- Cunningham in 1945

Member of the Louisiana House of Representatives
- In office 1908–1912

District Judge of the Eleventh Judicial District Court of Louisiana
- In office 1912–1920

Personal details
- Born: William Tharpe Cunningham August 21, 1871 Natchitoches, Louisiana, U.S.
- Died: February 7, 1952 (aged 80) Natchitoches, Louisiana, U.S.
- Party: Democratic
- Parent: Milton Joseph Cunningham (father)
- Relatives: Charles Milton Cunningham (brother) W. Peyton Cunningham (nephew)
- Education: Louisiana State Normal College Tulane University
- Occupation: Judge

= W. T. Cunningham =

American judge and politician

William Tharpe Cunningham (August 21, 1871 – February 7, 1952) was an American judge and politician. A member of the Democratic Party, he served in the Louisiana House of Representatives from 1908 to 1912 and as district judge of the Eleventh Judicial District Court of Louisiana from 1912 to 1920.

== Life and career ==
Cunningham was born in Natchitoches, Louisiana, the son of Milton Joseph Cunningham, an attorney general of Louisiana, and Thalia Allen Tharp. He was the brother of Charles Milton Cunningham, a Louisiana state senator, and was the uncle of W. Peyton Cunningham, a Louisiana representative. He attended and graduated from Louisiana State Normal College. After graduating, he attended Tulane University, earning his degree in law.

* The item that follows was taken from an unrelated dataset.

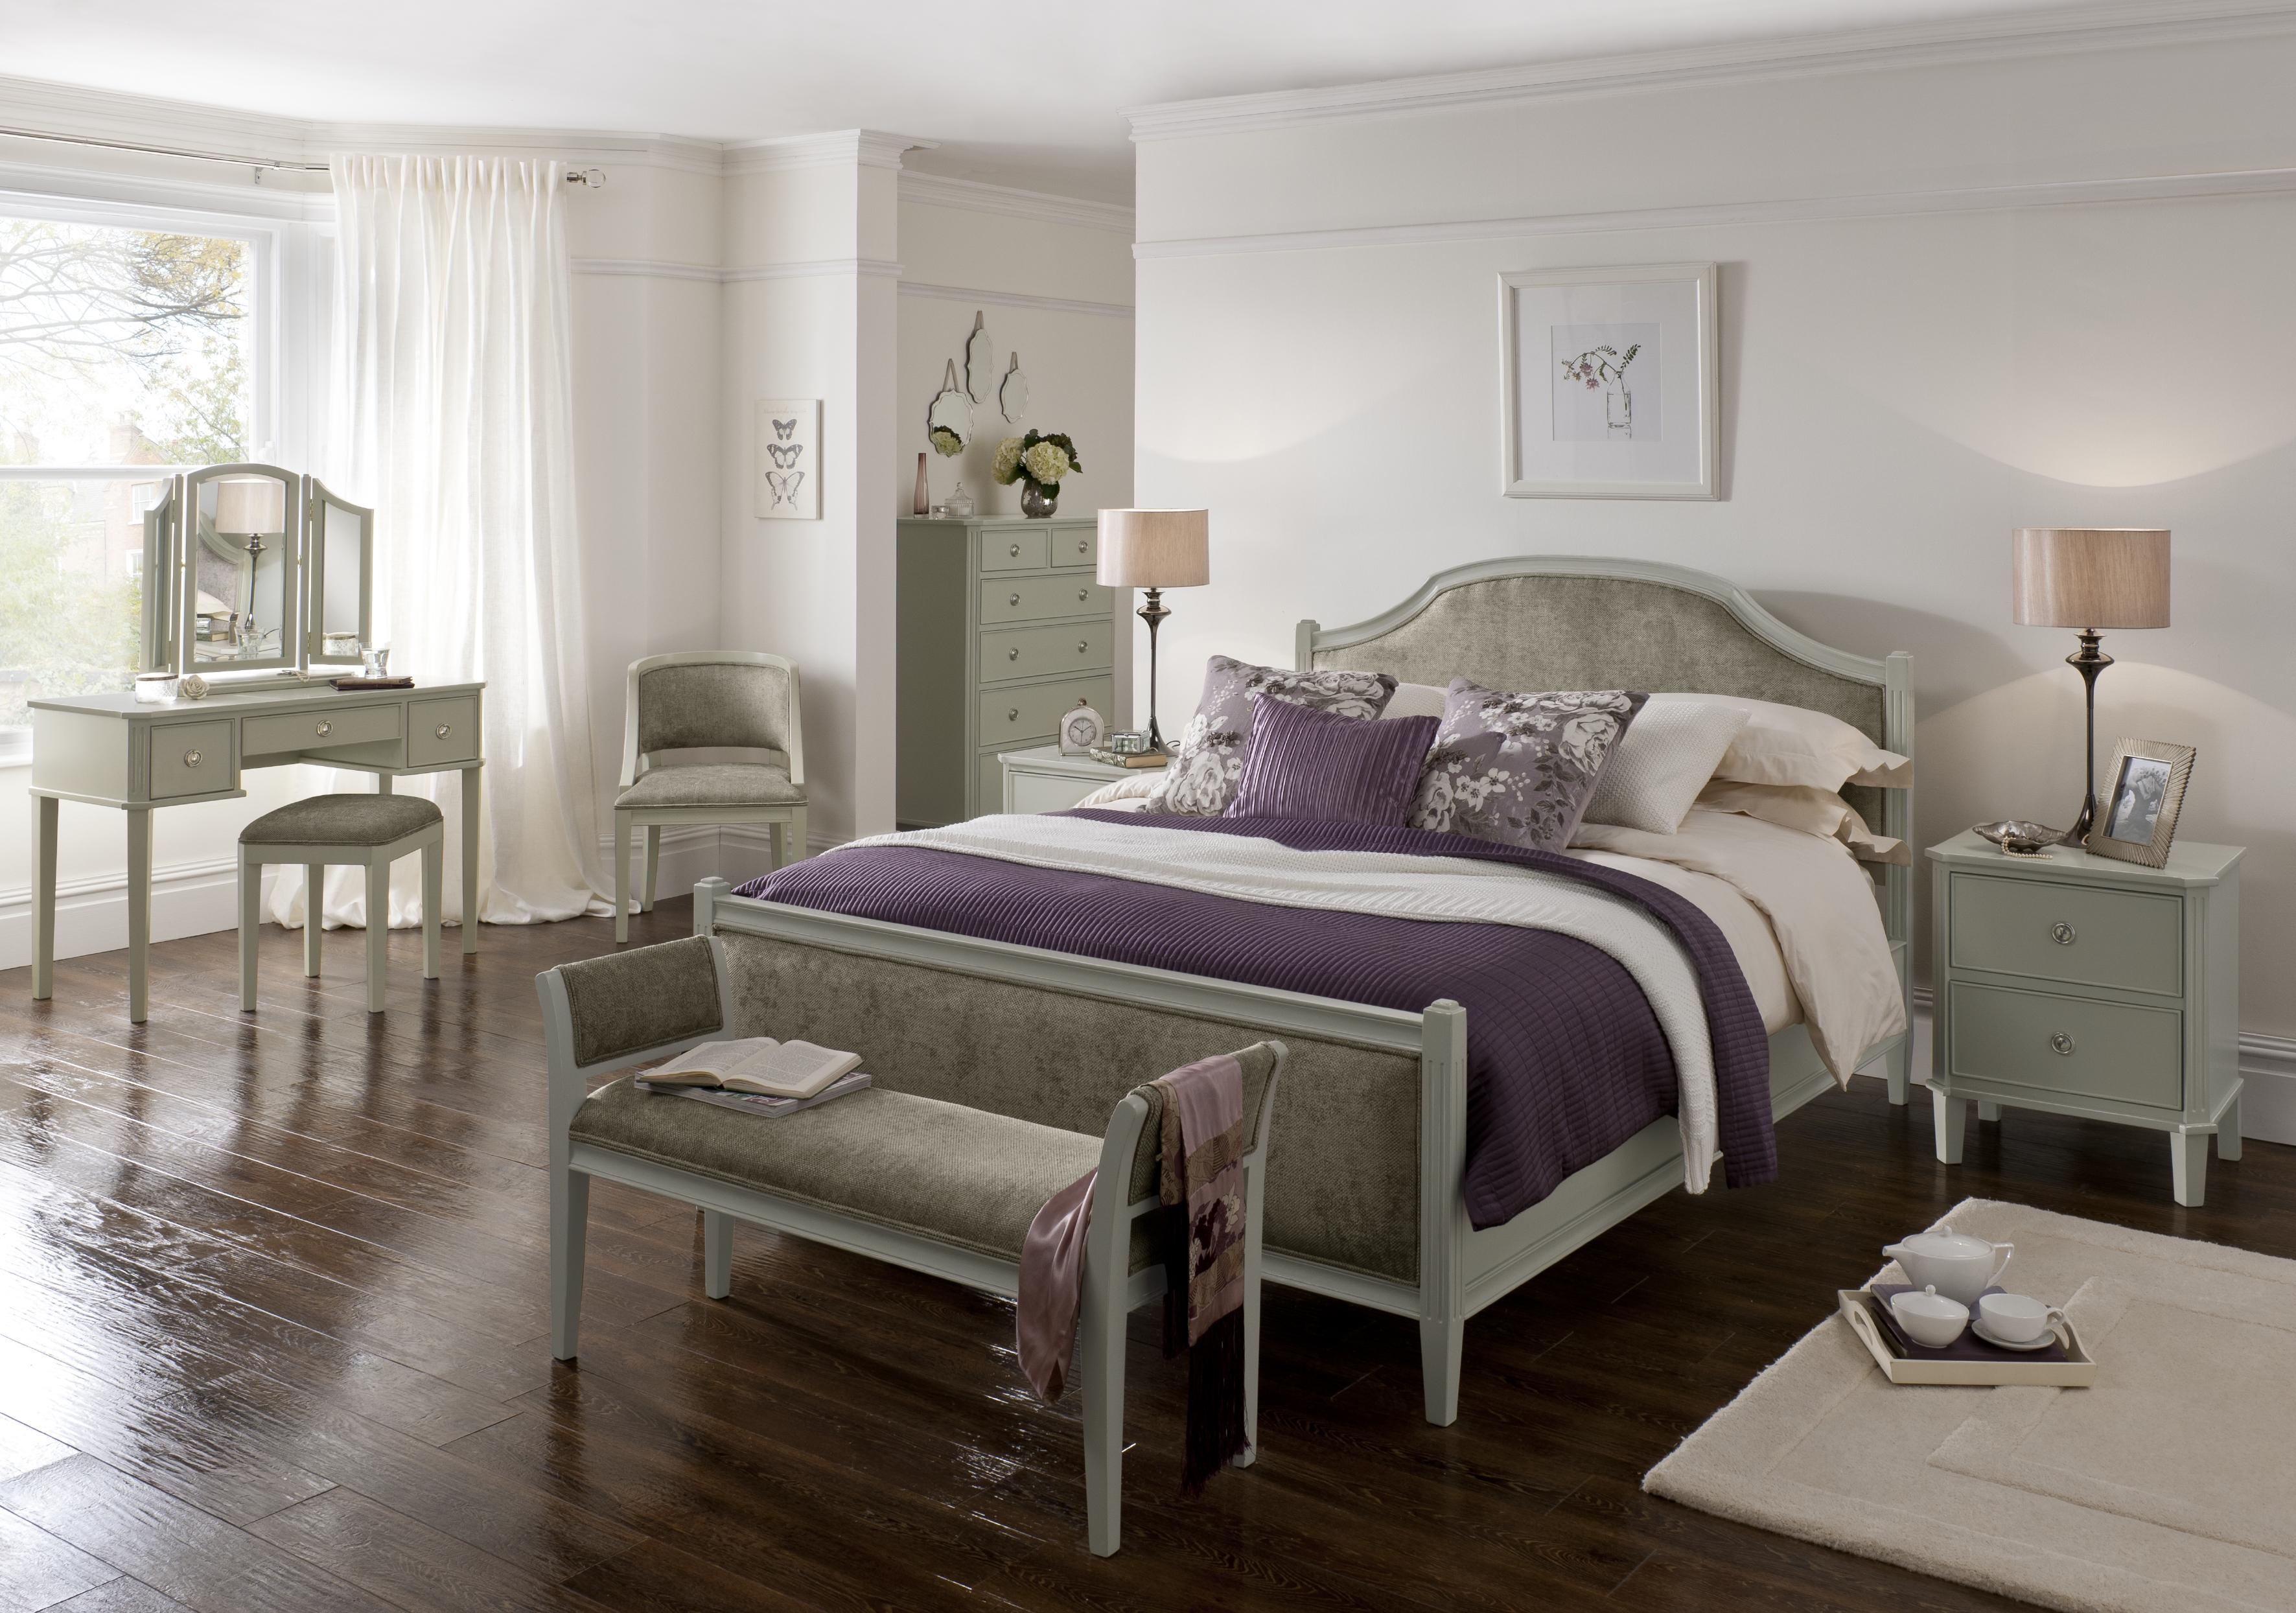 Painted Bedroom Furniture Range

Cunningham served in the Louisiana House of Representatives from 1908 to 1912. After his service in the House, he served as district judge of the Eleventh Judicial District Court of Louisiana from 1912 to 1920.

== Death ==
Cunningham died on February 7, 1952, at the Natchitoches Hospital in Natchitoches, Louisiana, at the age of 80.